What needs to be done.
Using the entries below, copy exactly each line from the line with "BvT8_Page_01.jpg" up to and including the line with "0550565c11ab hot vintage", with every picture left out.

Material shown.
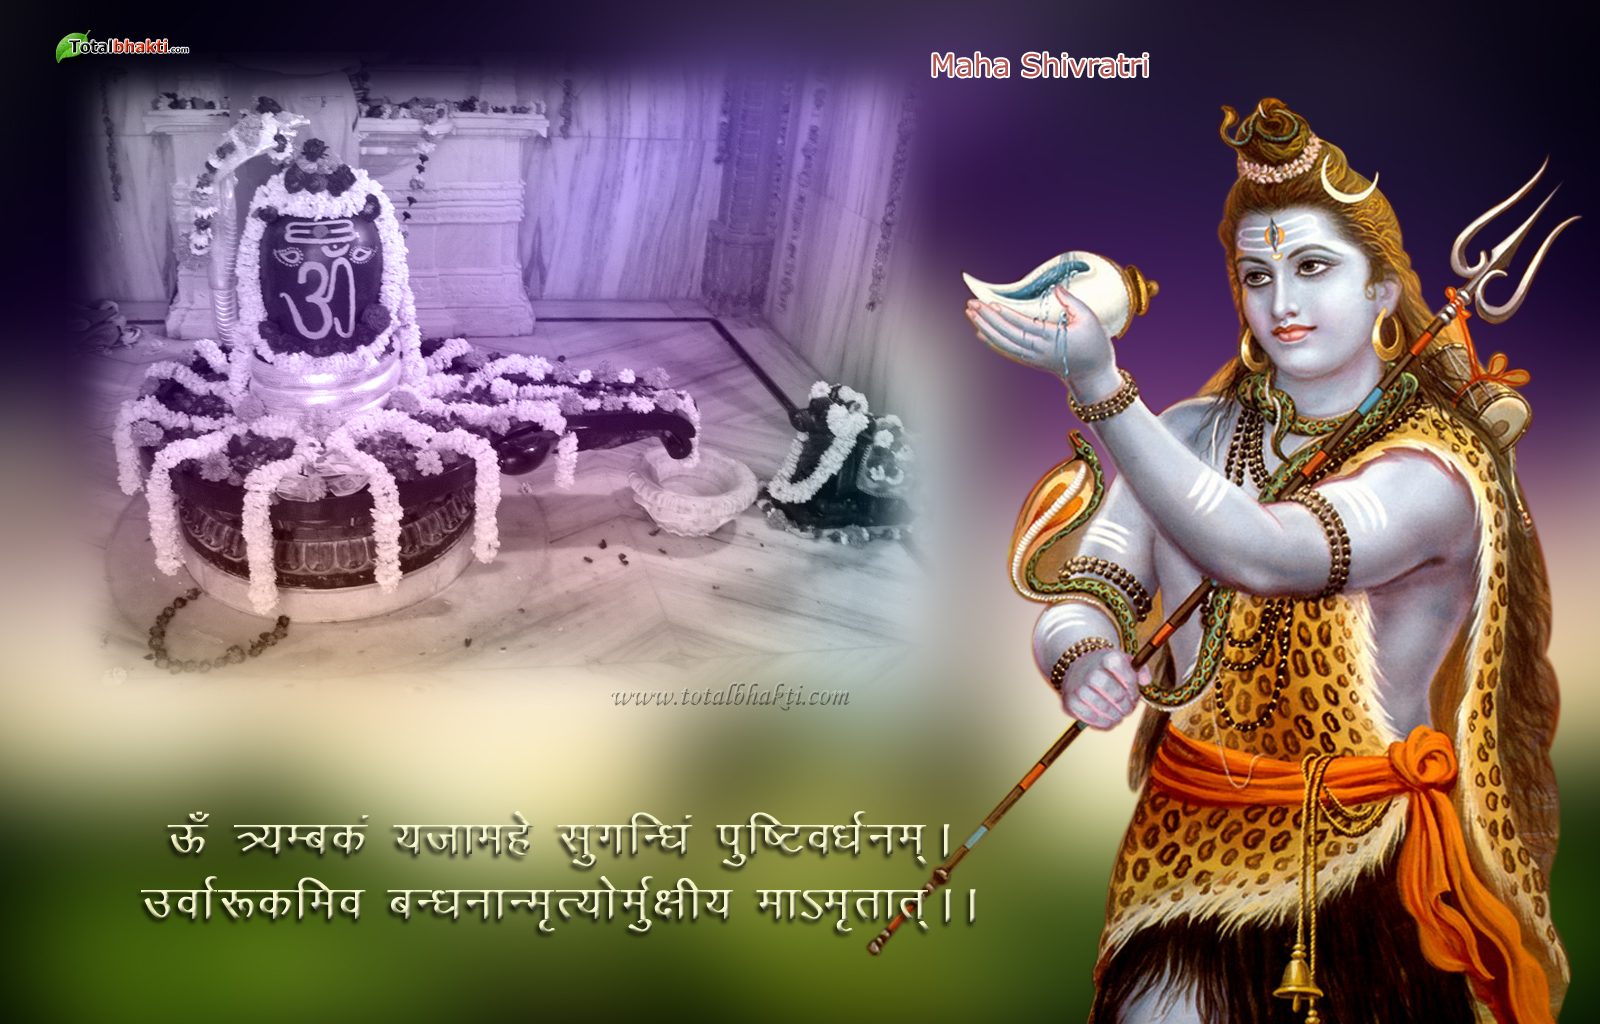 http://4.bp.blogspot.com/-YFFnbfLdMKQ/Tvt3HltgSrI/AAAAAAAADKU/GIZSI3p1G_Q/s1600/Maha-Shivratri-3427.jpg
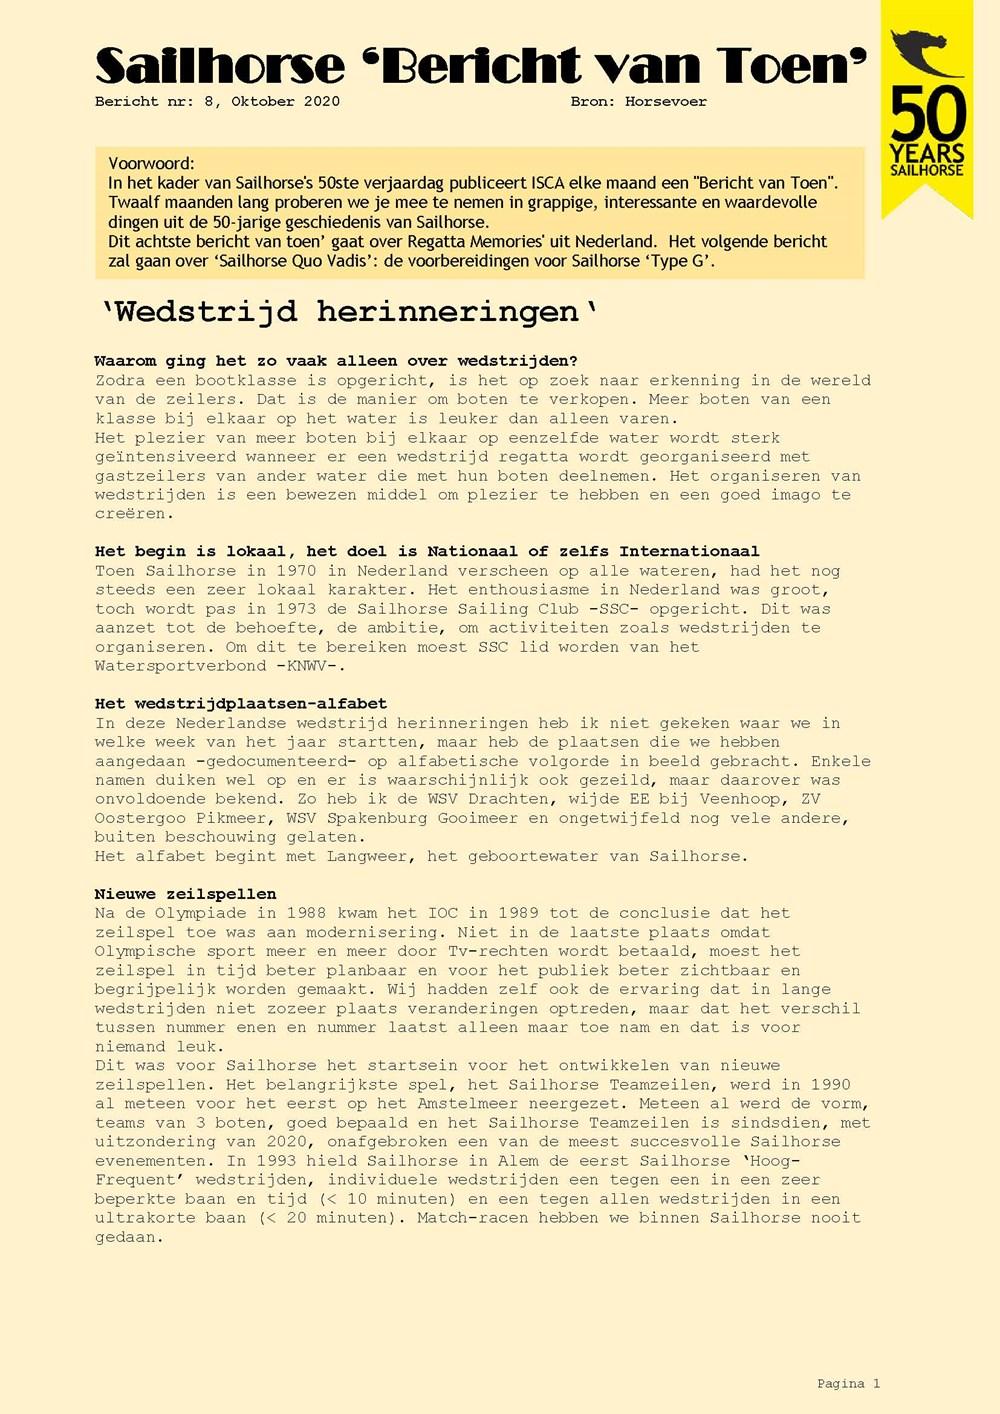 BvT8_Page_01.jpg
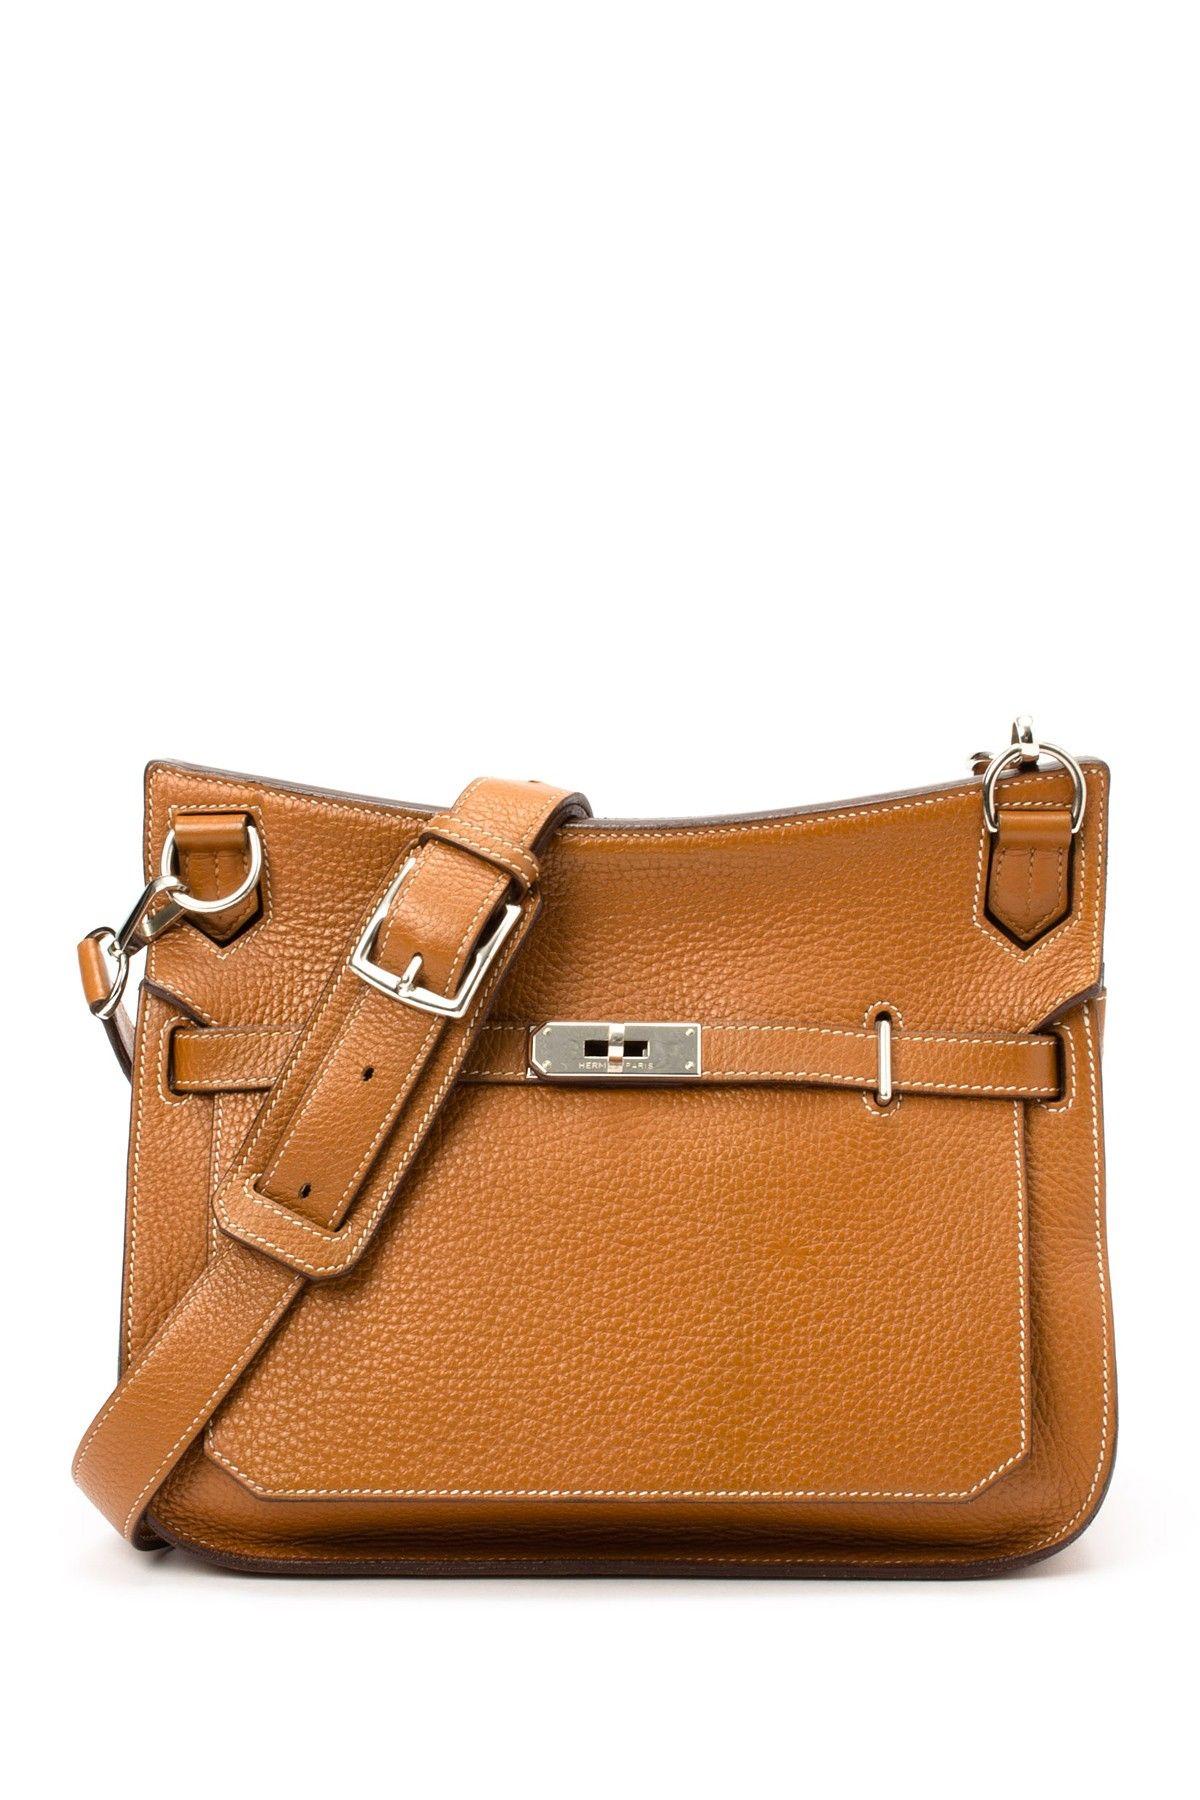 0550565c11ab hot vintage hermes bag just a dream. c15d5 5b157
---
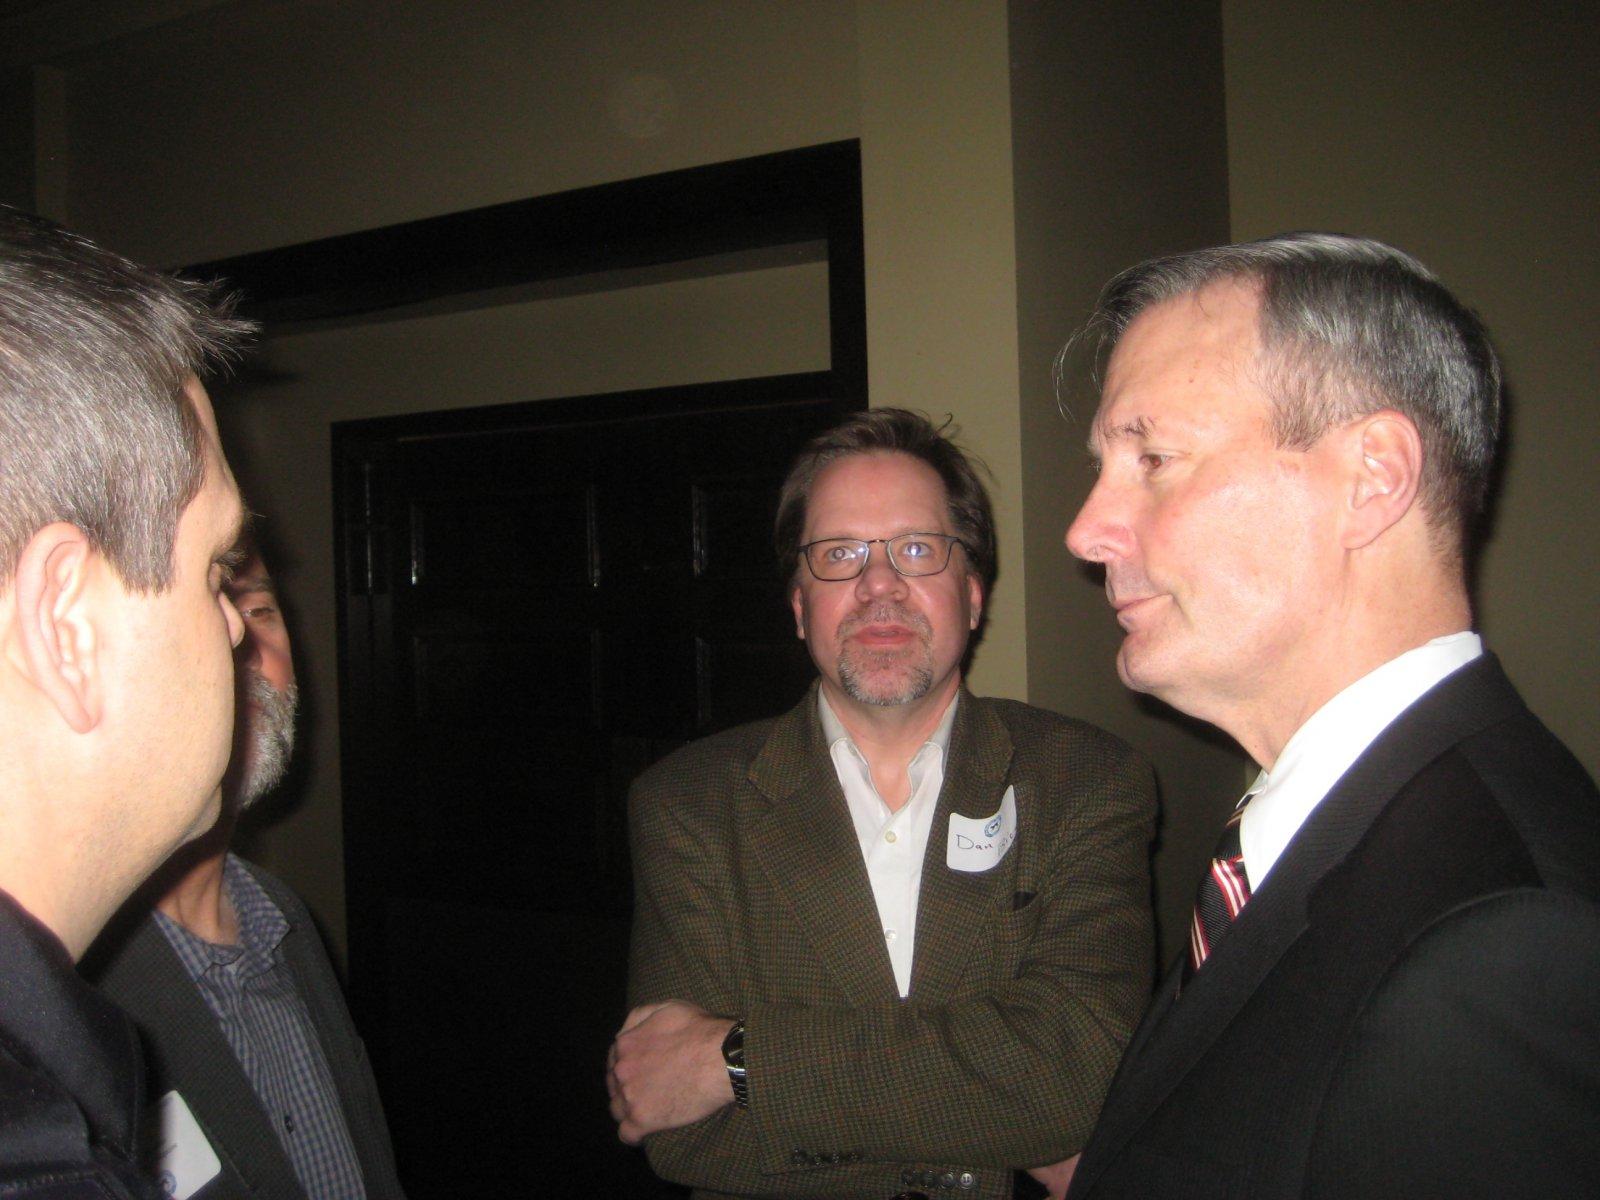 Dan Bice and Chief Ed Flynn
---
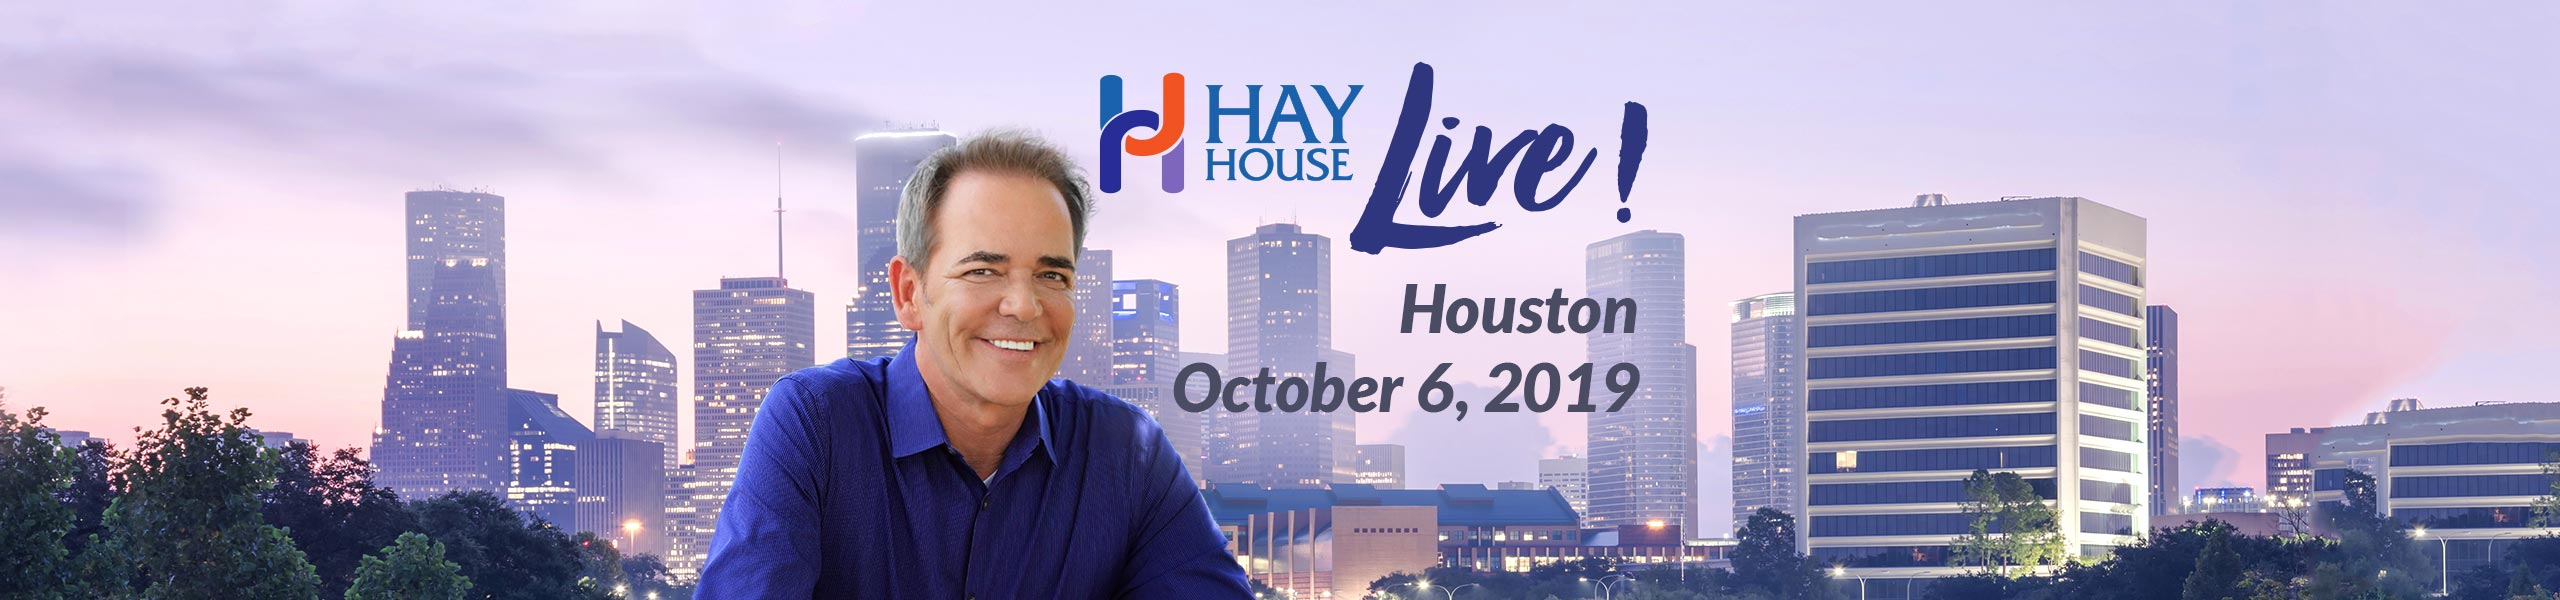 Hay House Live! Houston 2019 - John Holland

Exercise response.
 BvT8_Page_01.jpg
 0550565c11ab hot vintage hermes bag just a dream. c15d5 5b157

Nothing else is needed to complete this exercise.